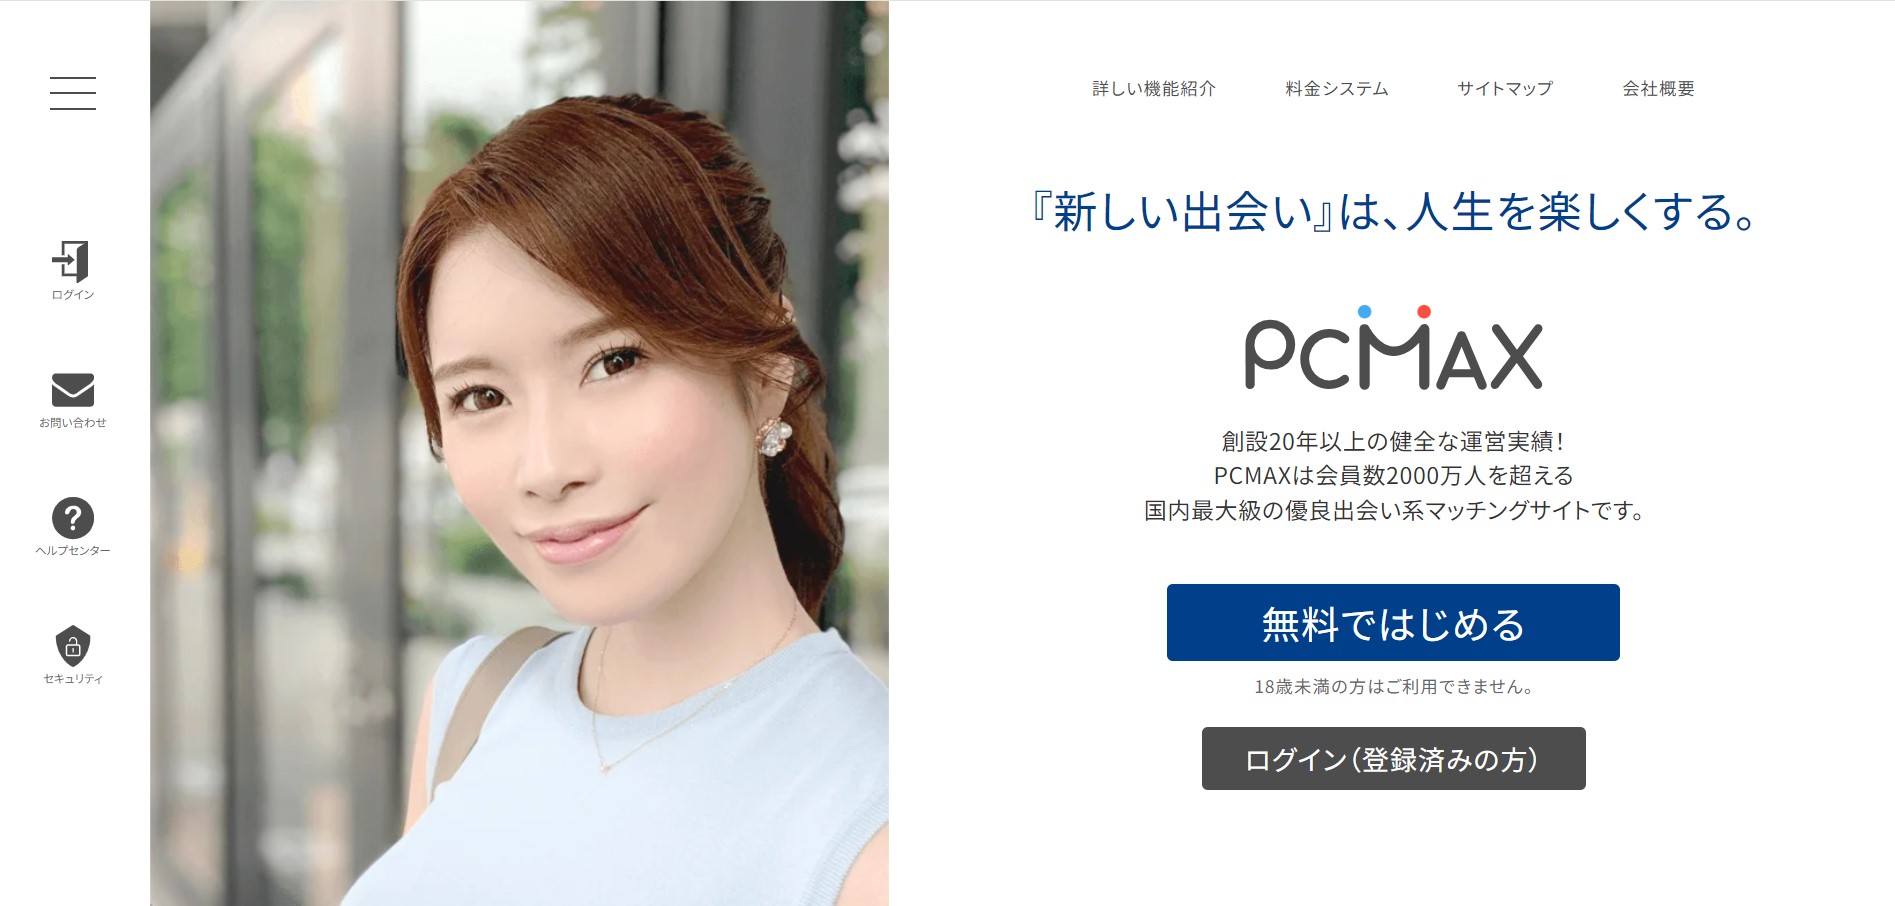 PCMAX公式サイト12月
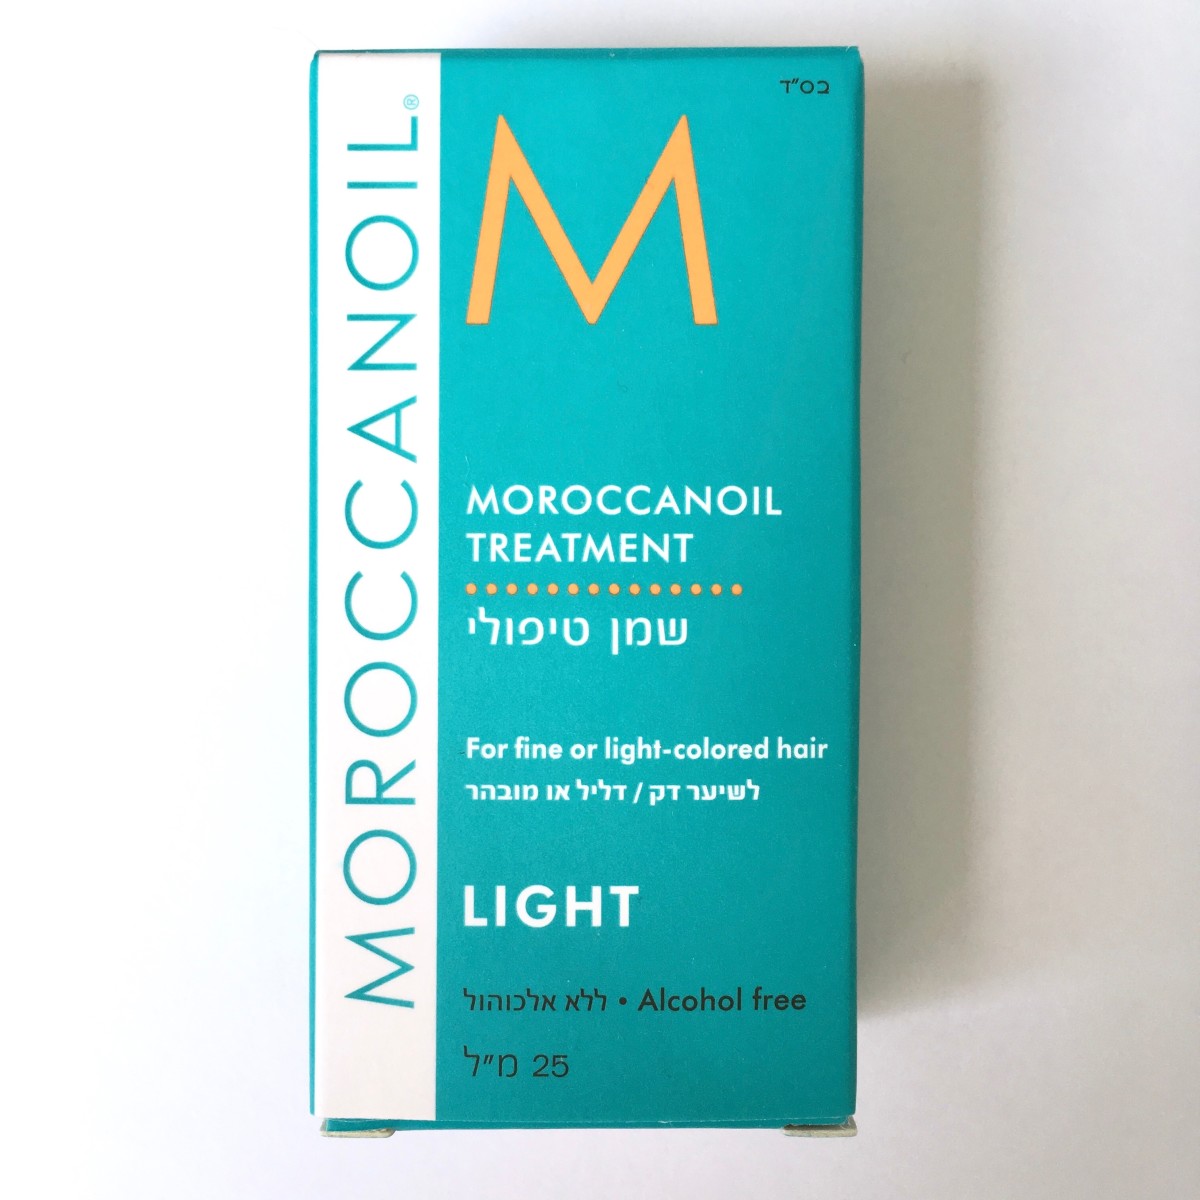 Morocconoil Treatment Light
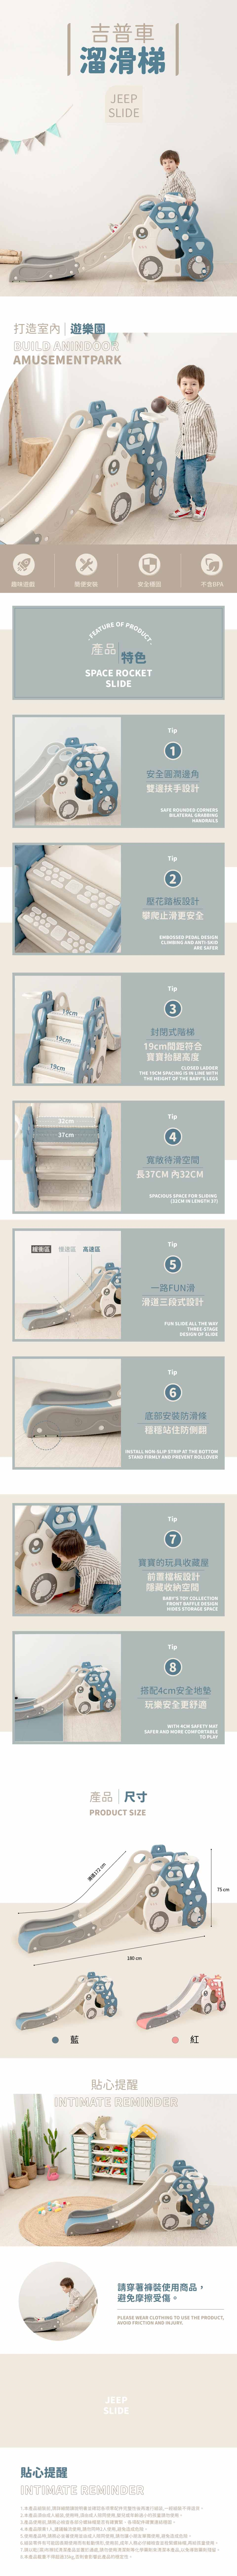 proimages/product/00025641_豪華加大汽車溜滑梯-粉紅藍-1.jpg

◇ ◇ ◇ ◇

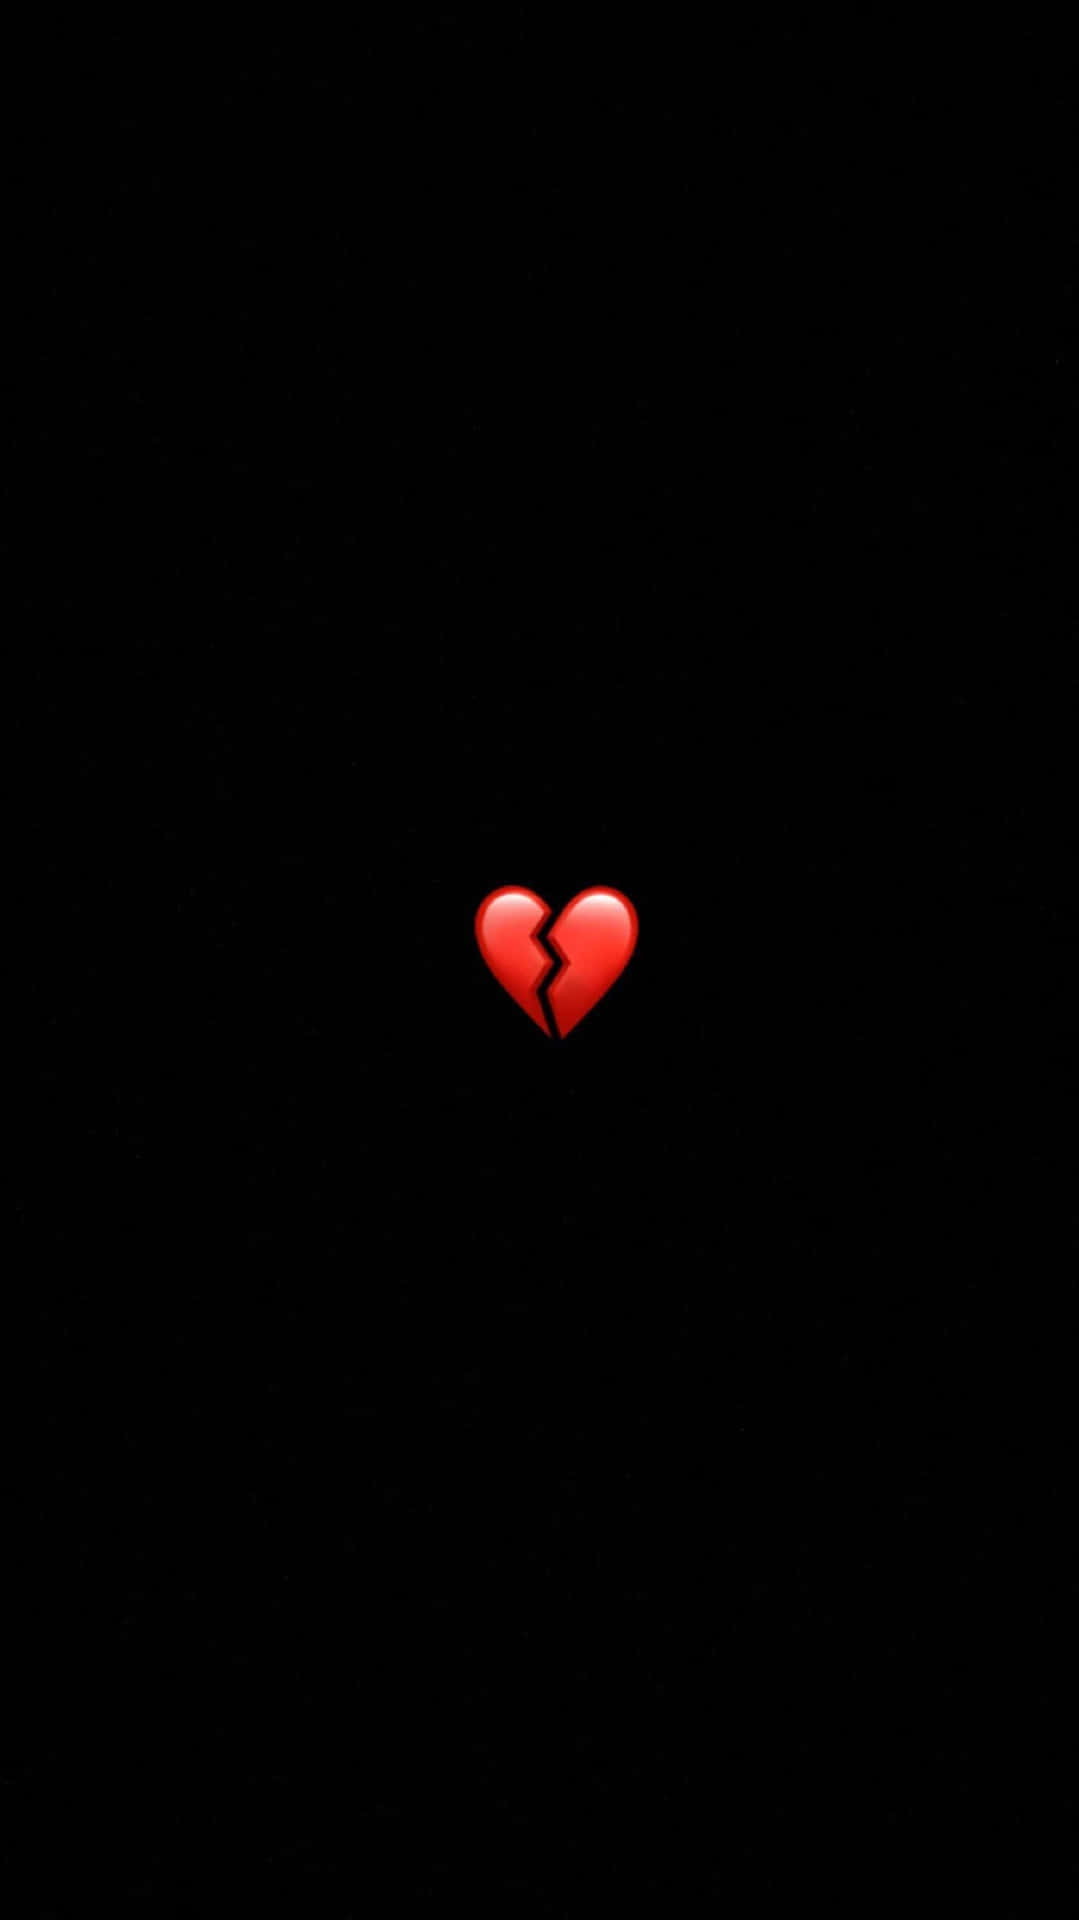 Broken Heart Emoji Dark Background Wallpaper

◇ ◇ ◇ ◇

* [TASK ITEM]: Text only, no pictures: please print exactly the lines above from the line with "PCMAX公式サイト12月" up to and including the line with "proimages/prod", and nothing else.

* [RESPONSE AREA]:
 PCMAX公式サイト12月
 Morocconoil Treatment Light
 proimages/product/00025641_豪華加大汽車溜滑梯-粉紅藍-1.jpg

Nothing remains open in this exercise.